# $14.99 for shipping from NJ to Toronto...is that reasonable?



## Barbie-gone-bad (Aug 9, 2010)

I bought a mac item on ebay, but the seller says it will cost $14.99 for shipping. I have order from the Uk to Canada and paid half that in shipping. And it is not even faster shipping, its for a 6-7days shipping. Is $15 dollars a normal amount?  I have never been charged more then $7usd for shipping to Canada...maybe they were being nice?


----------



## Junkie (Aug 9, 2010)

Depends on the size and weight of the item - but most ebayers, especially stores, will overcharge for shipping and say its a "handling" fee if you ask them why - like gas to get there, their time spent filling out the customs forms, packaging, etc. 

A lot of the time, whenever I question higher shipping, people seem to get really defensive and snippy at me, so I've changed my approach and ask them nicely if they offer a cheaper shipping rate.

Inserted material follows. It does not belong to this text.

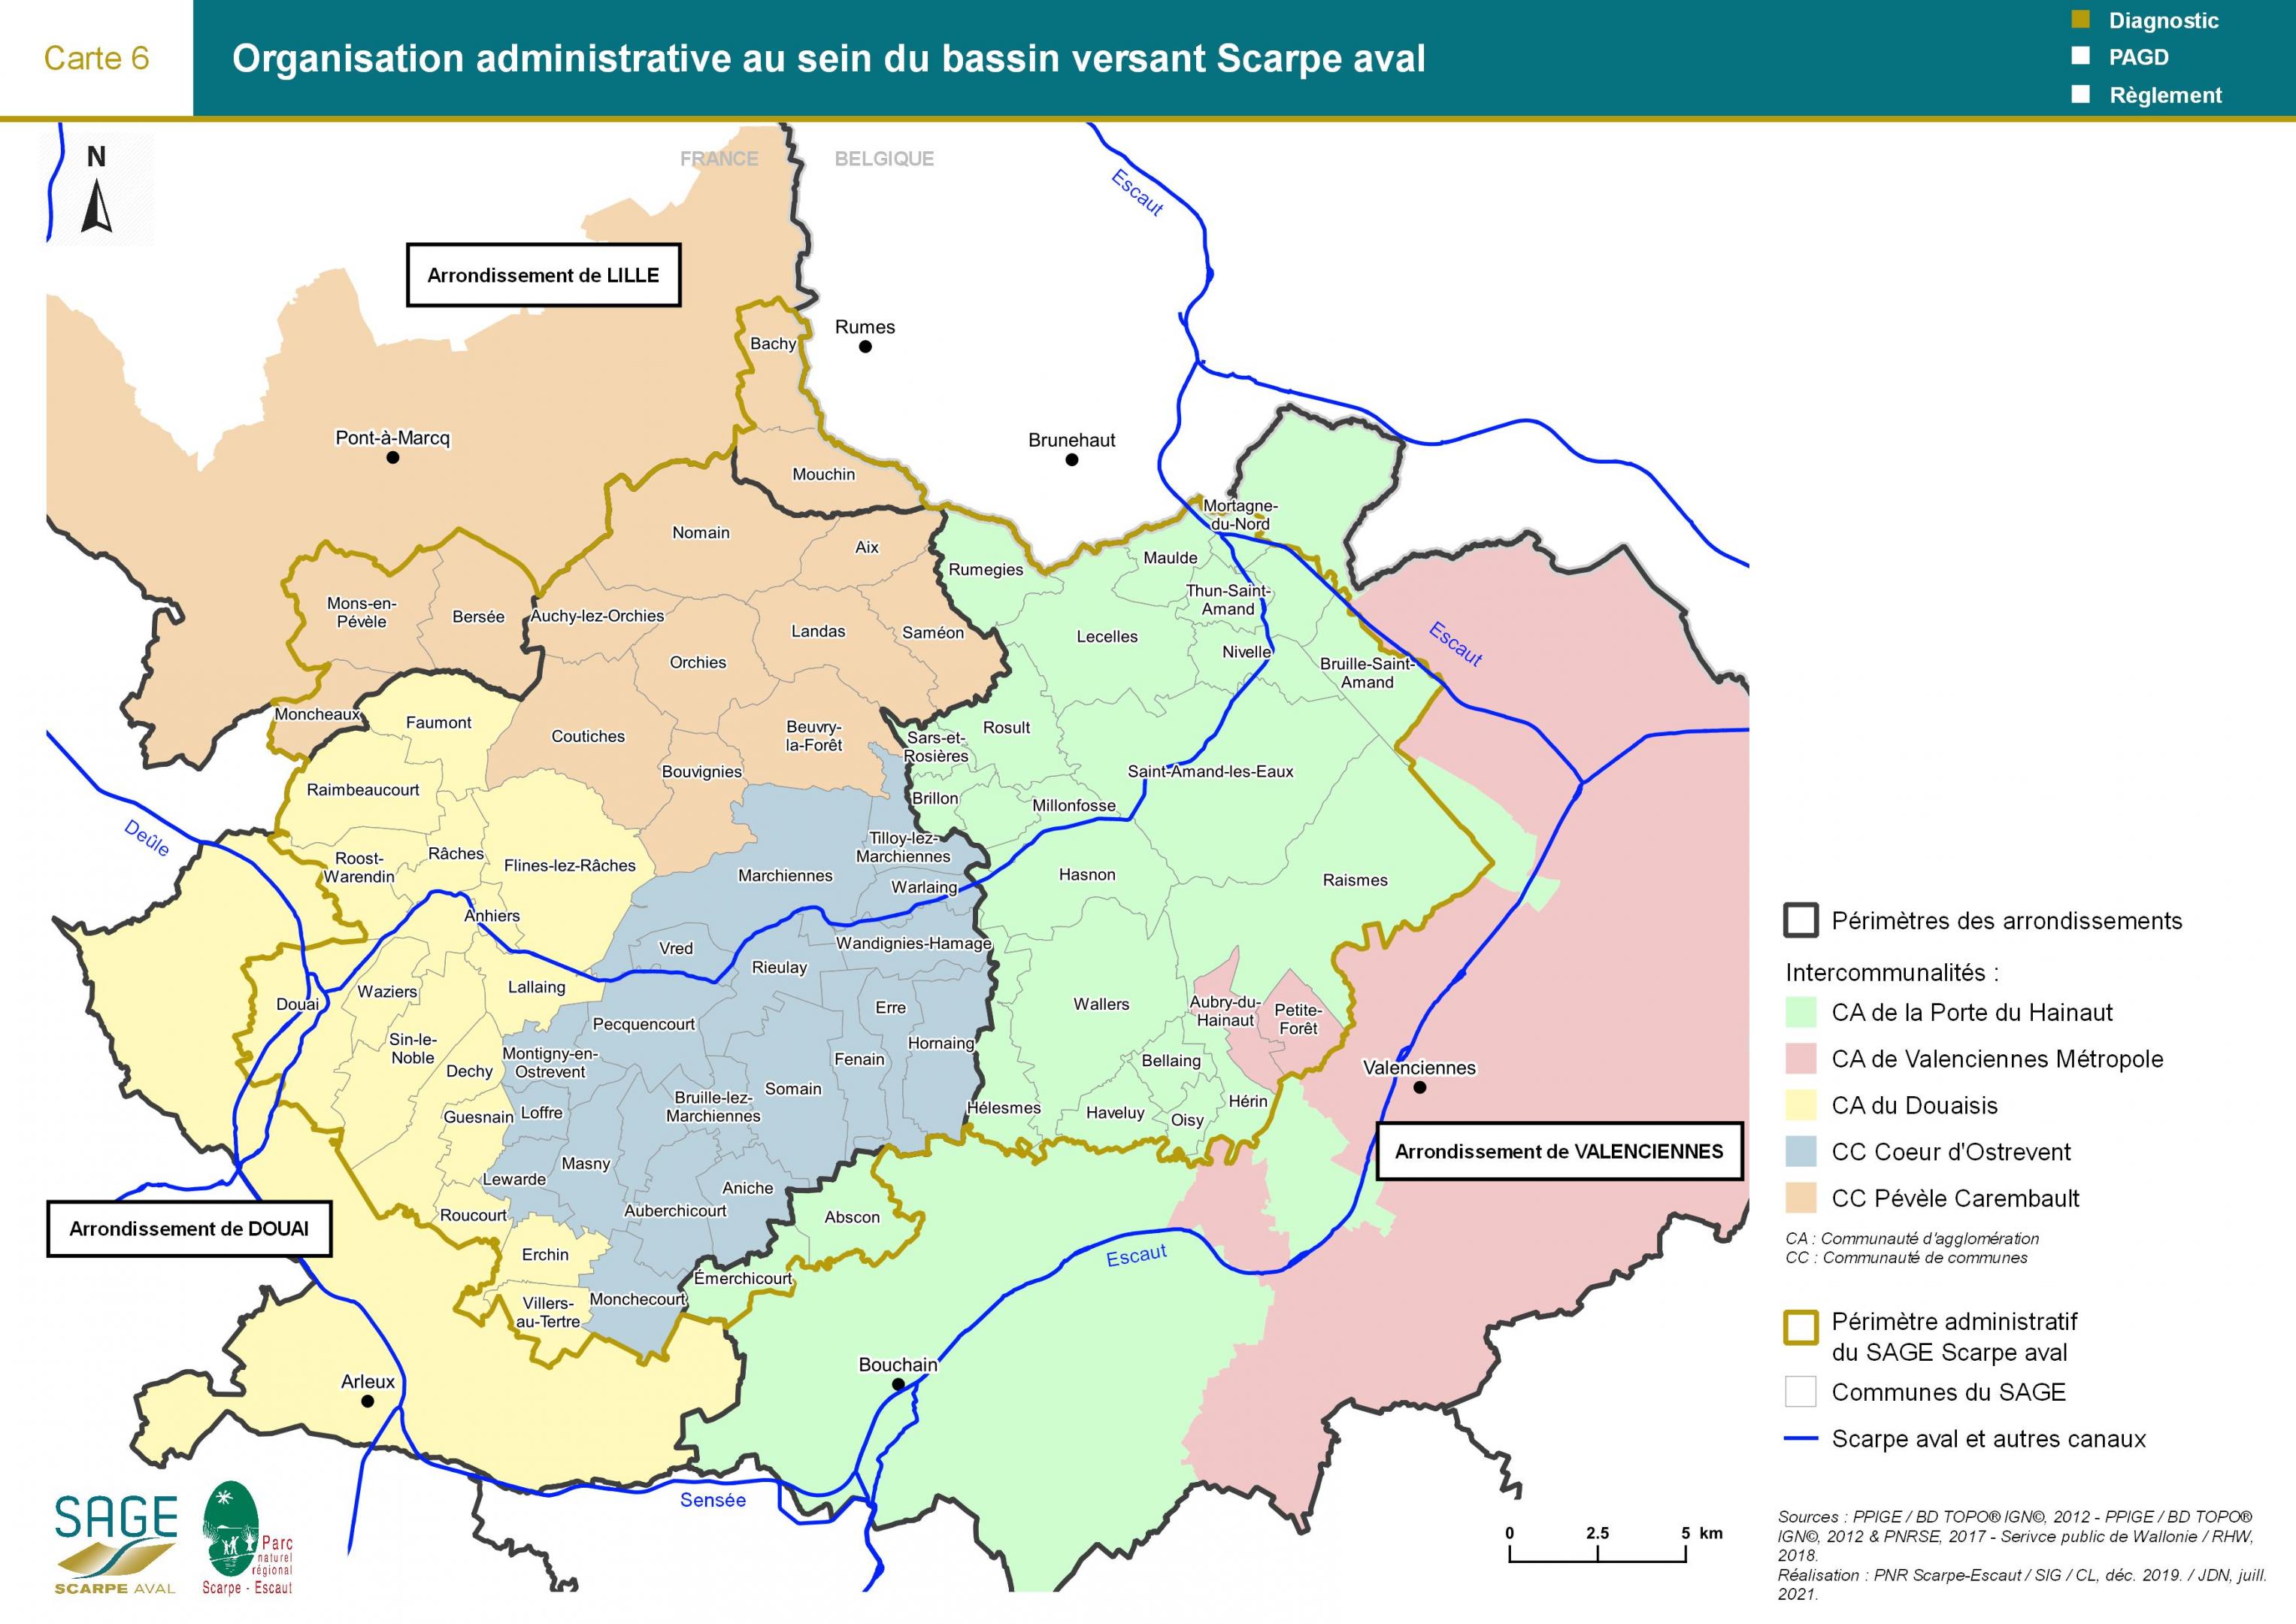 Etat des lieux - Carte 6 : Organisation administrative au sein du bassin versant Scarpe aval
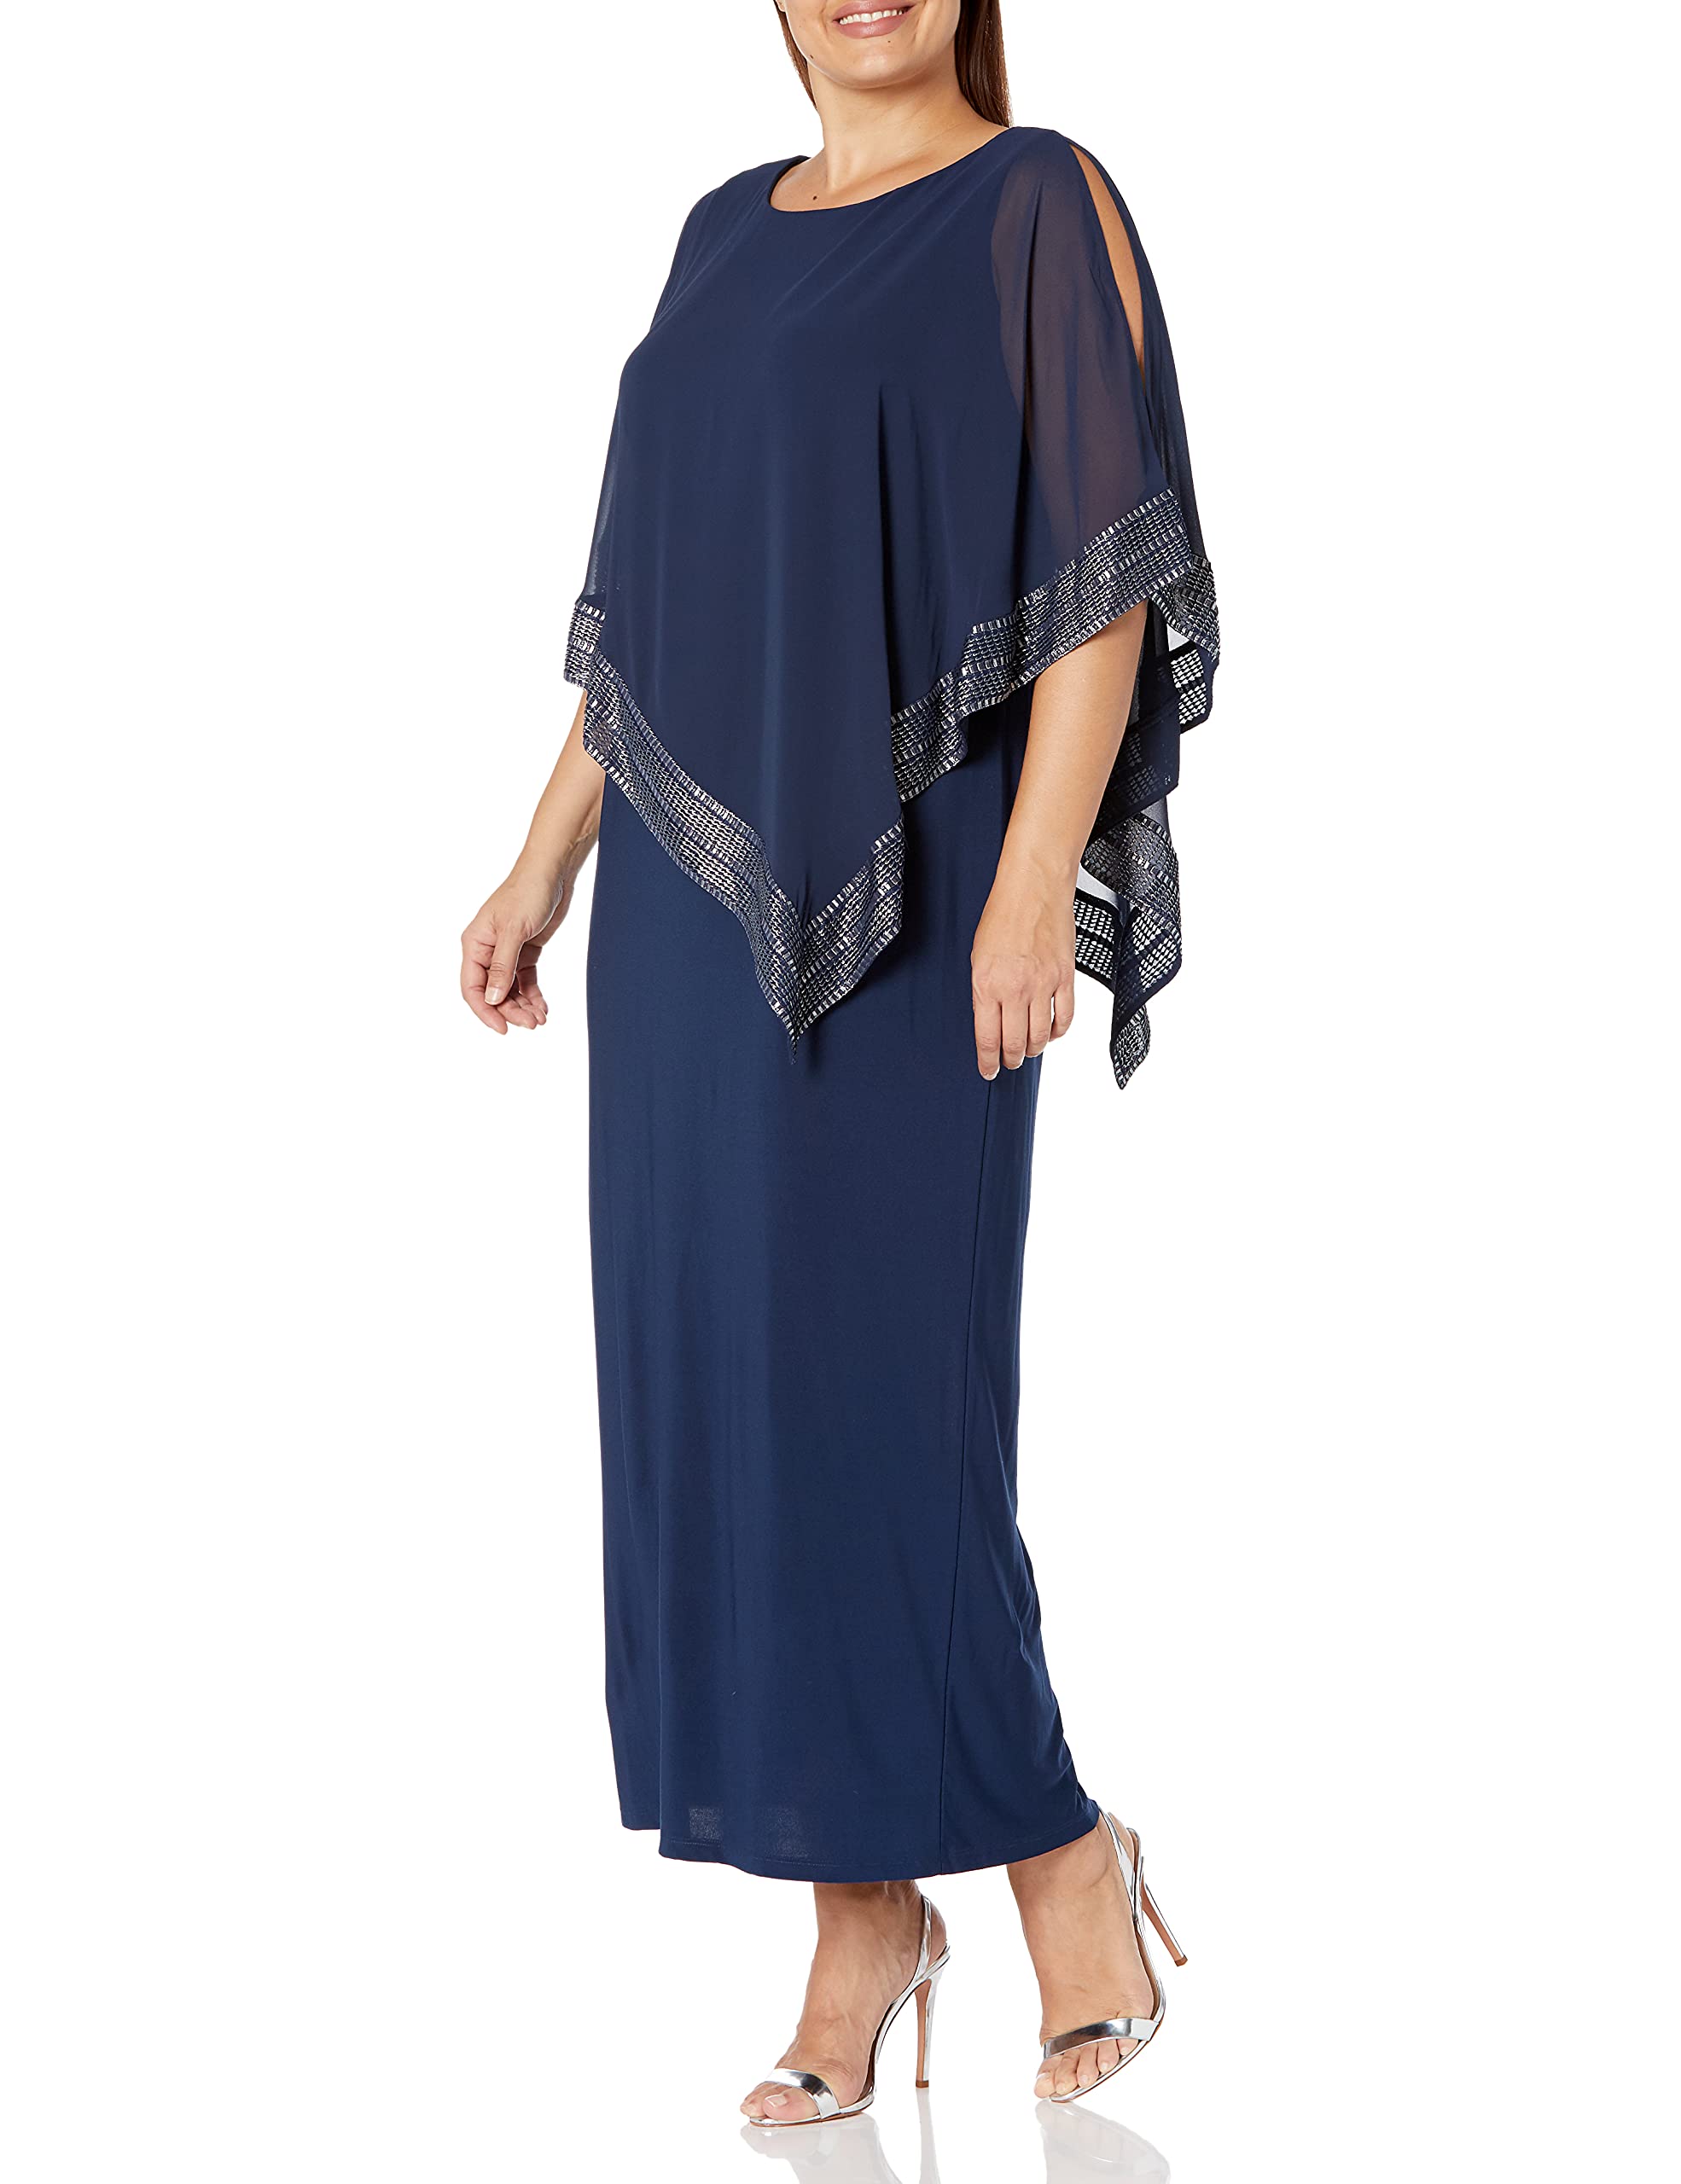 S.L. Fashions Women's Plus Size Long Cold Shoulder Capelet Dress with Metallic Trim

Sometimes they do, sometimes they don't.

Most small items couldn't cost more than $1.49-$4.

Oh and anything over $10 usually includes a tracking number. $14.99 is perfectly legit if the item has tracking and its a bit bigger/heavier.


----------



## Barbie-gone-bad (Aug 9, 2010)

Quote:

   Originally Posted by *Junkie* 

 
_Depends on the size and weight of the item - but most ebayers, especially stores, will overcharge for shipping and say its a "handling" fee if you ask them why - like gas to get there, their time spent filling out the customs forms, packaging, etc. 

A lot of the time, whenever I question higher shipping, people seem to get really defensive and snippy at me, so I've changed my approach and ask them nicely if they offer a cheaper shipping rate. Sometimes they do, sometimes they don't.

Most small items couldn't cost more than $1.49-$4.

Oh and anything over $10 usually includes a tracking number. $14.99 is perfectly legit if the item has tracking and its a bit bigger/heavier._

 
Thanks so much for the responds 
	

	
	
		
		

		
			





. I know what you mean, I'll pay $10 for shipping and the package says it cost them $1.79 
	

	
	
		
		

		
		
	


	




 rip-off. And the item is just a blush...it would be very light. I'll try your nice approach see if I can get it responsible XD.


----------